- Publisher: Broderbund
- Designers: Doug Carlston Chris Jochumson
- Programmer: Louis Ewens (Atari)
- Platforms: Apple II, Atari 8-bit
- Release: 1982
- Genres: Game creation system, fixed shooter

= The Arcade Machine =

1982 video game

The Arcade Machine is a game creation system written by Chris Jochumson and Doug Carlston for the Apple II and published by Broderbund in 1982. Louis Ewens ported it to Atari 8-bit computers. Broderbund ran a contest from January–June 1984 where the best user-created game was awarded a prize of $1,500 in hardware and software. Jochumson also wrote Track Attack for Broderbund.

==Gameplay==
The game allows players to create alien attacks like those seen in Galaxian. The inbuilt editor allows players to: design/animate enemies, players and explosions; give enemies instructions on moving/firing; drawing backgrounds/title screens, creating sound effects/music, and setting various gameplay rules. Finished games can be saved to a self-booting disk to allow them to run without this program.

==Reception==
John F. Besnard reviewed the game for Computer Gaming World, and stated that "The product itself provides a tremendous amount of power to the user. Try a few of the demo games supplied on the back of the disk to see the versatility potential of the product."

The New York Times described the game as a "hierophant" due to giving non-programmers the ability to create games; furthermore, the publication suggested that with a bit of aesthetic improvement, The Arcade Machine would "be a game one can play almost forever".

In 1984, InfoWorld deemed it a "fabulous program," and compared it favourably to Pinball Construction Set. InfoWorld's Essential Guide to Atari Computers cited it "a real tour de force".

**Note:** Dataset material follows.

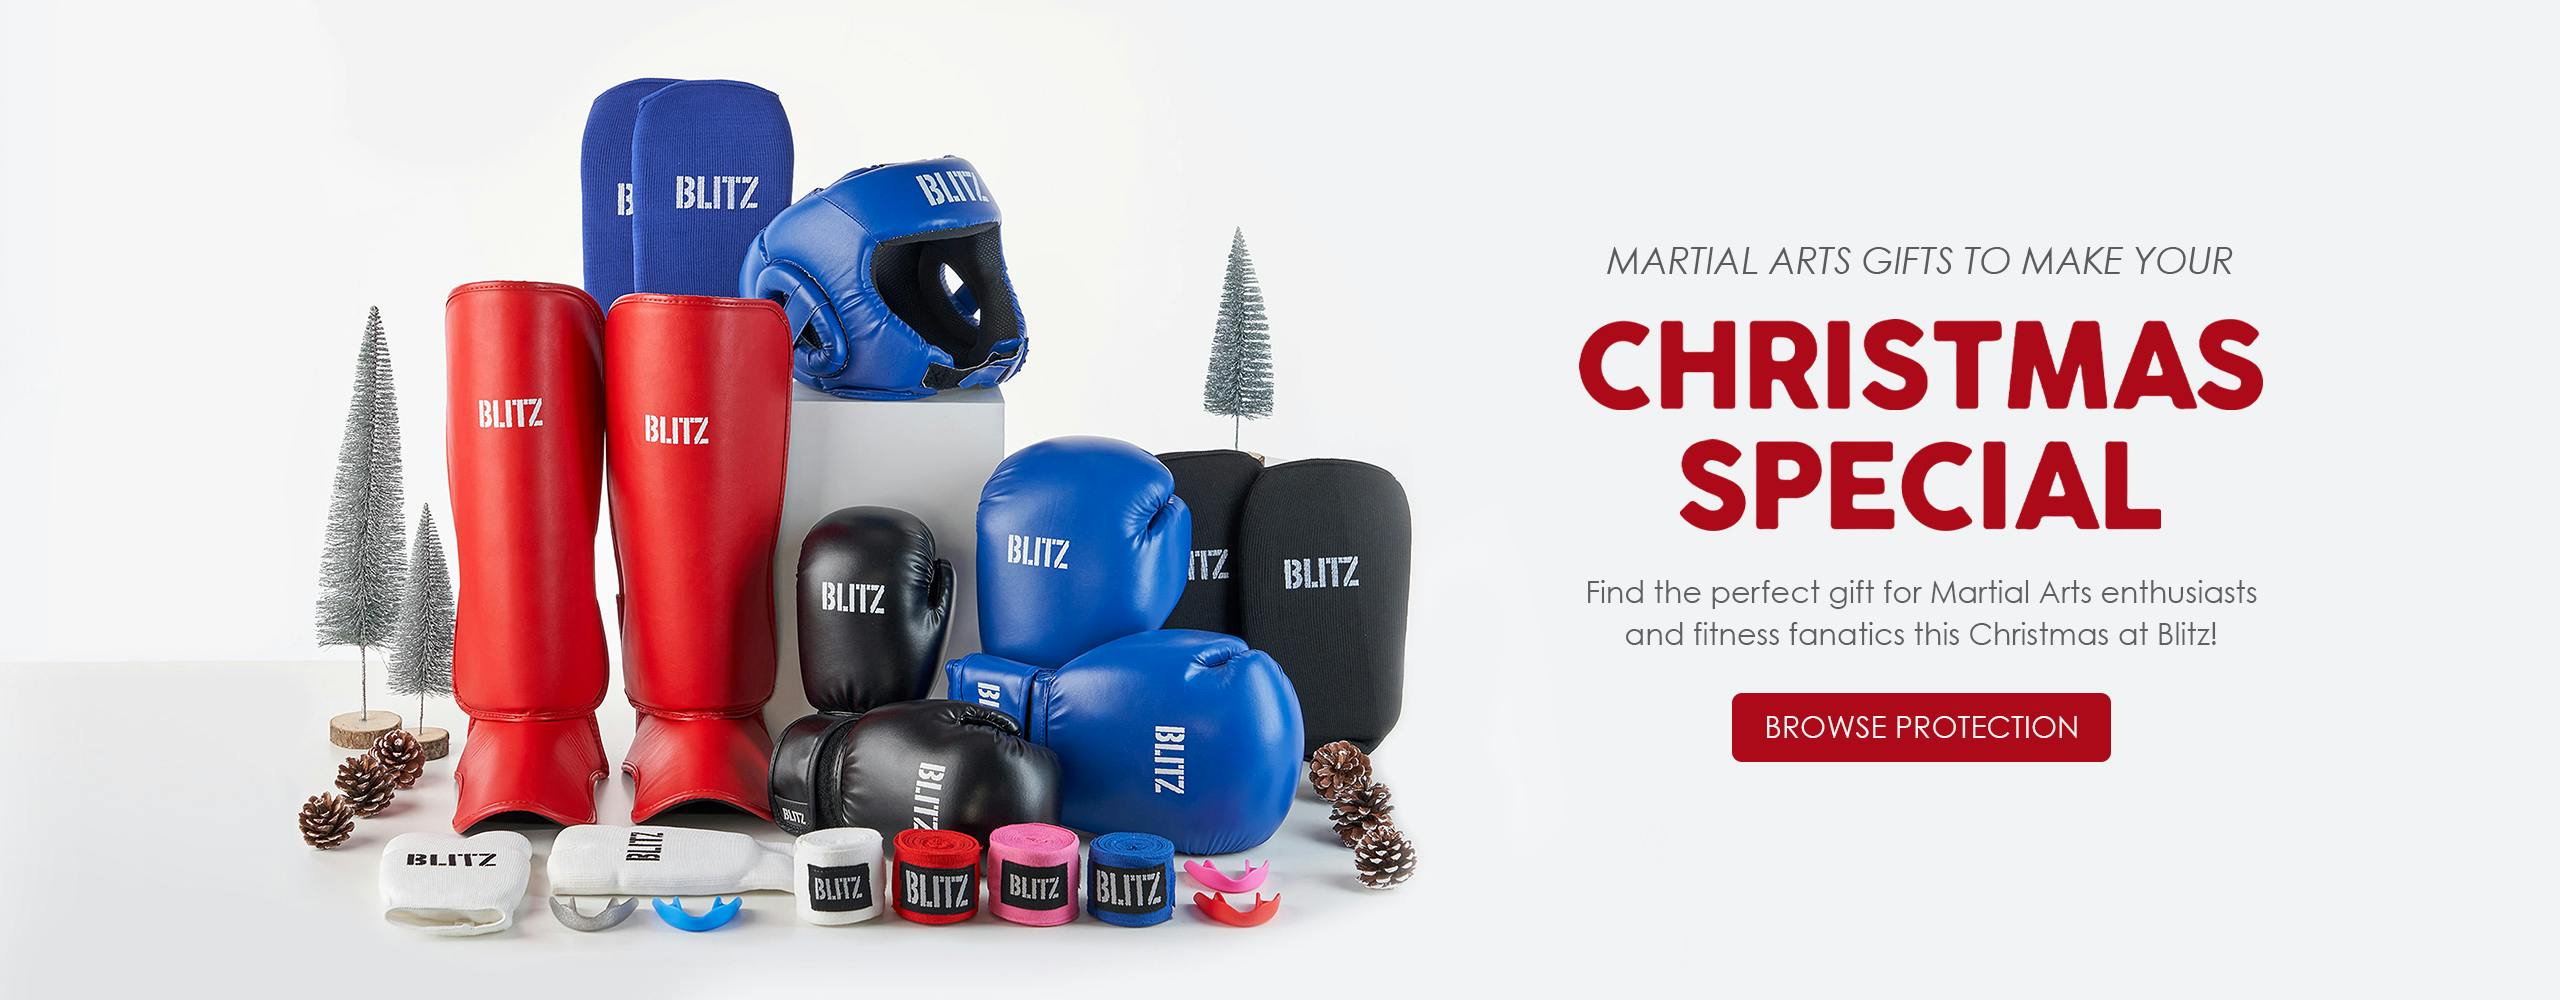 Find the perfect gift for Martial Arts enthusiasts and fitness fanatics this Christmas at Blitz!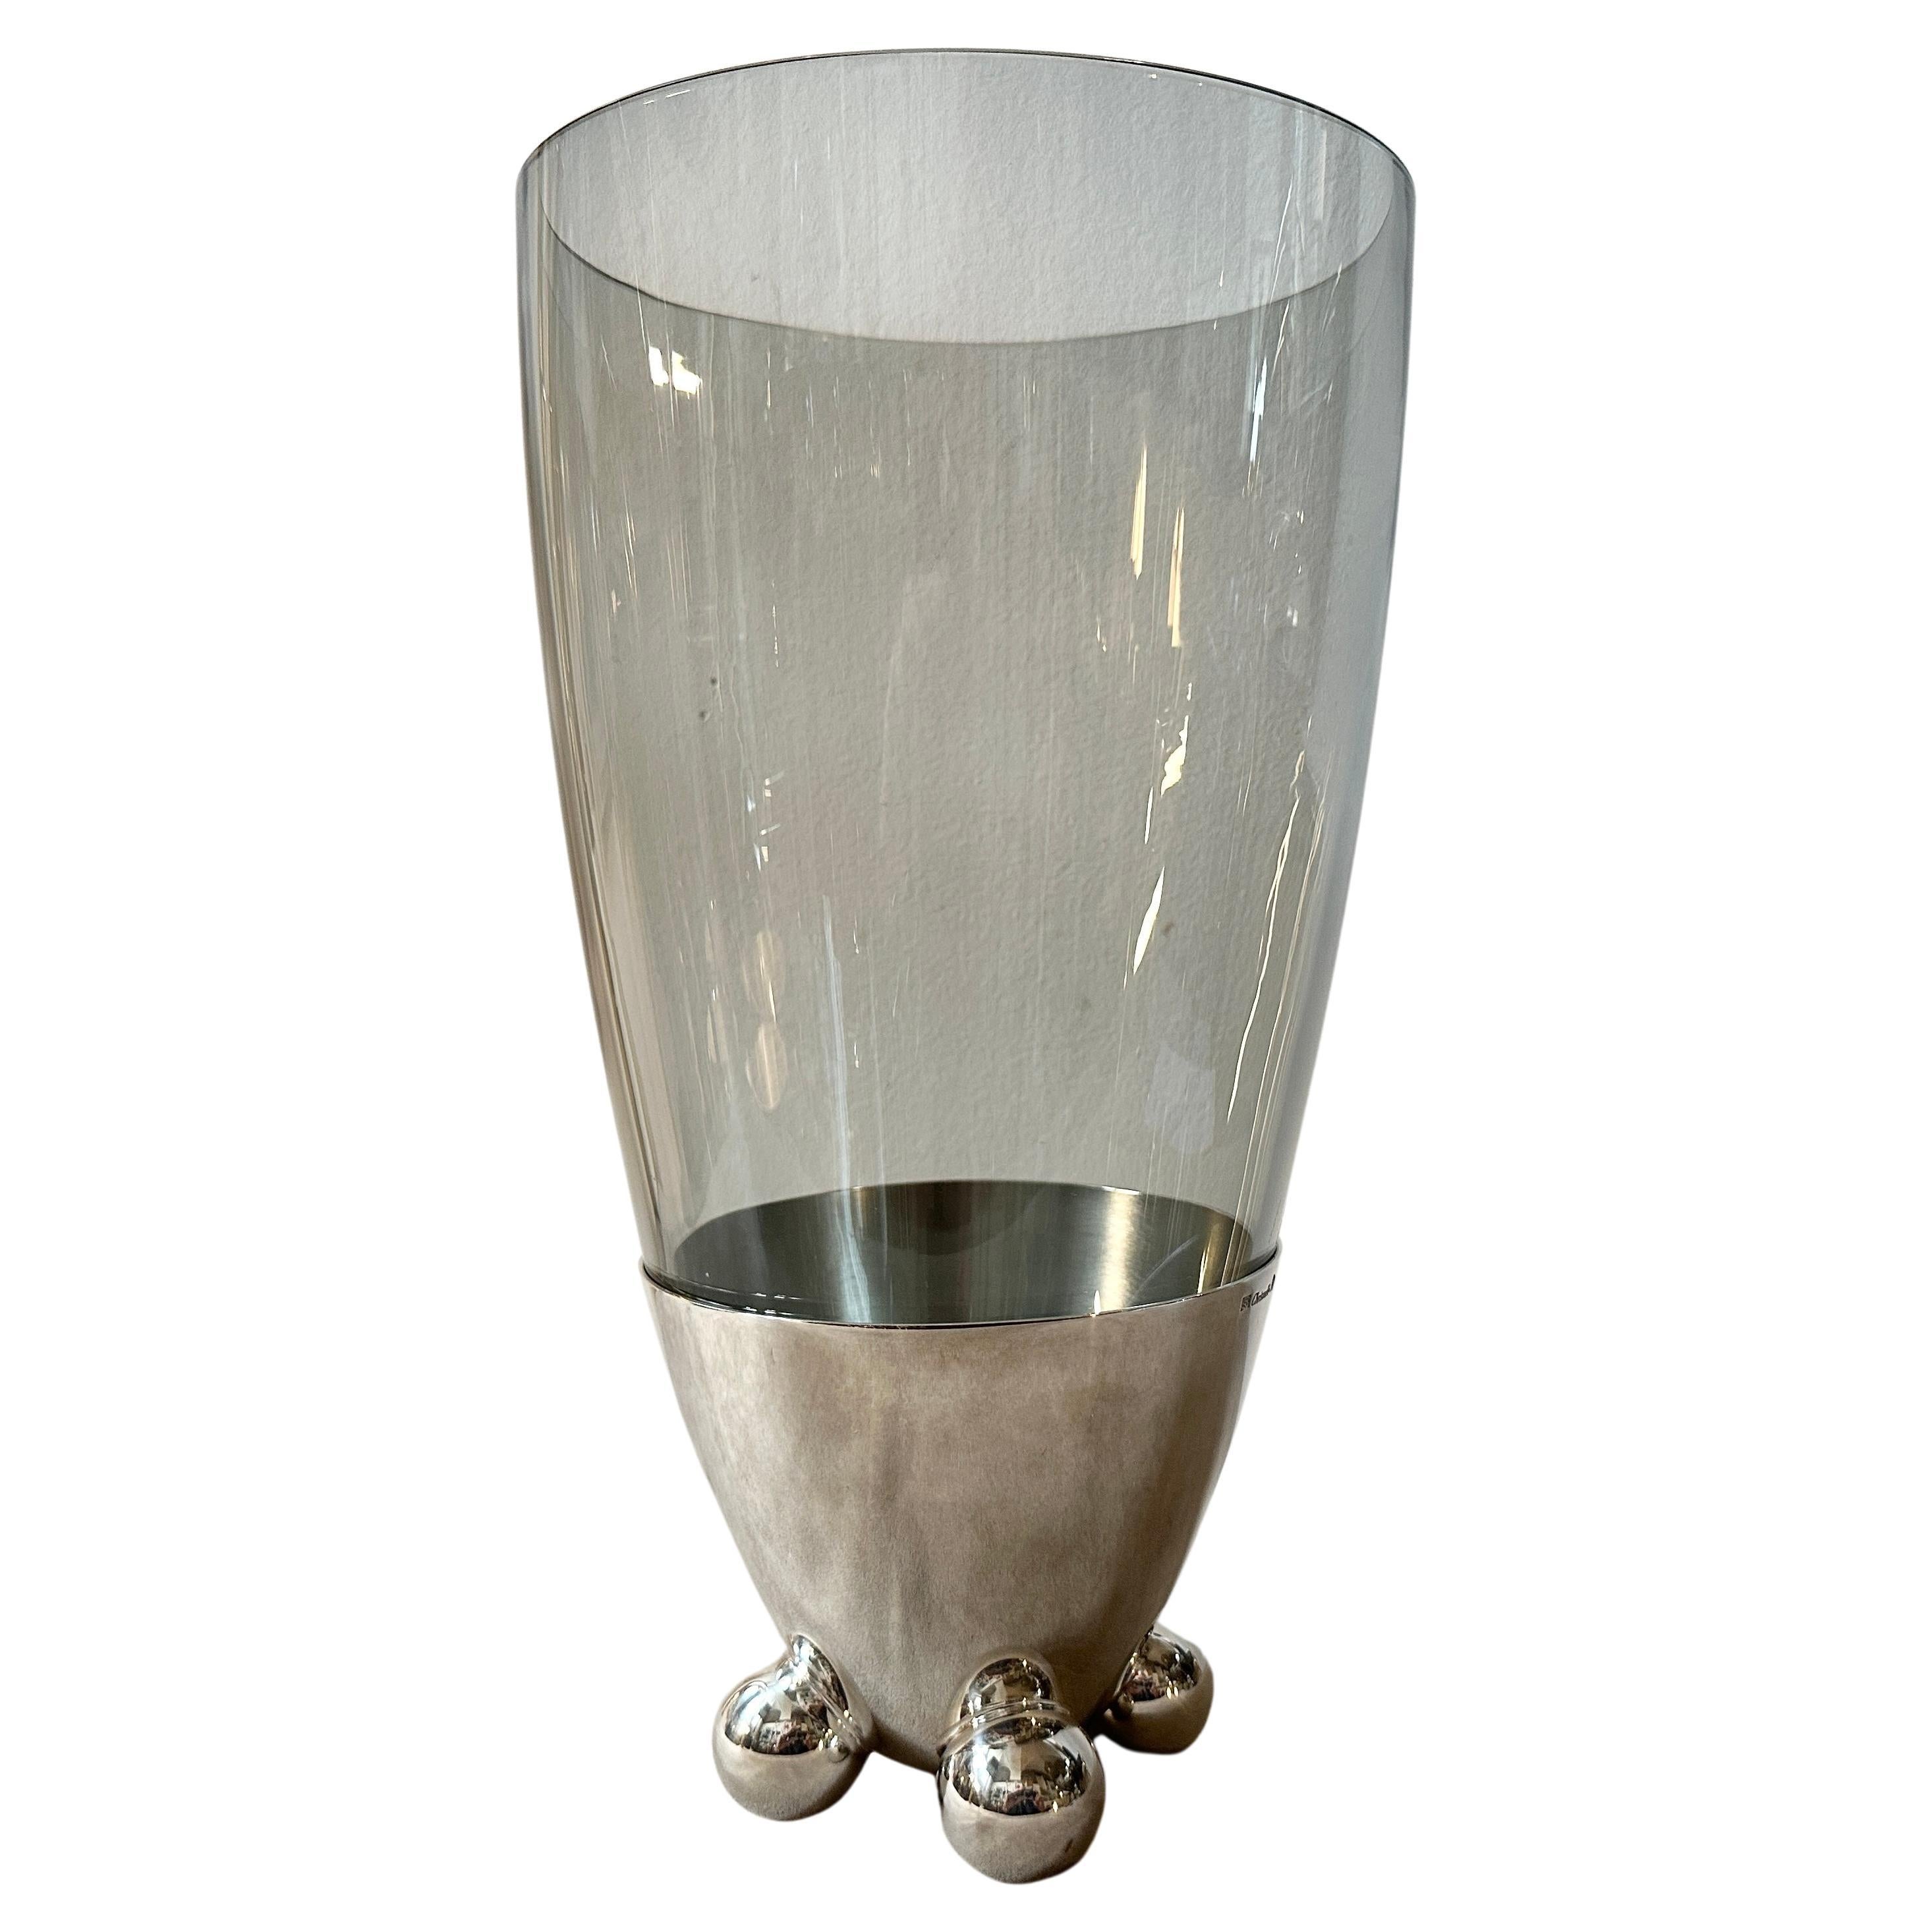 1990s Space Age Silver Plated Atomes Vase by Richard Hutten for Christofle For Sale

Steve Panak of ANALOG Computing wrote, "The Arcade Machine is not for the weak of stomach, nor for the weak of mind. Complexity is a key word here. However, despite its complexity, the program is surprisingly user-friendly, thanks to excellent documentation." In the conclusion he warned, "Many, many, many hours are needed to create and hone your game to perfection-and that's if you're not a perfectionist."

The game was "a best seller", according to the September 1984 issue of Creative Computing.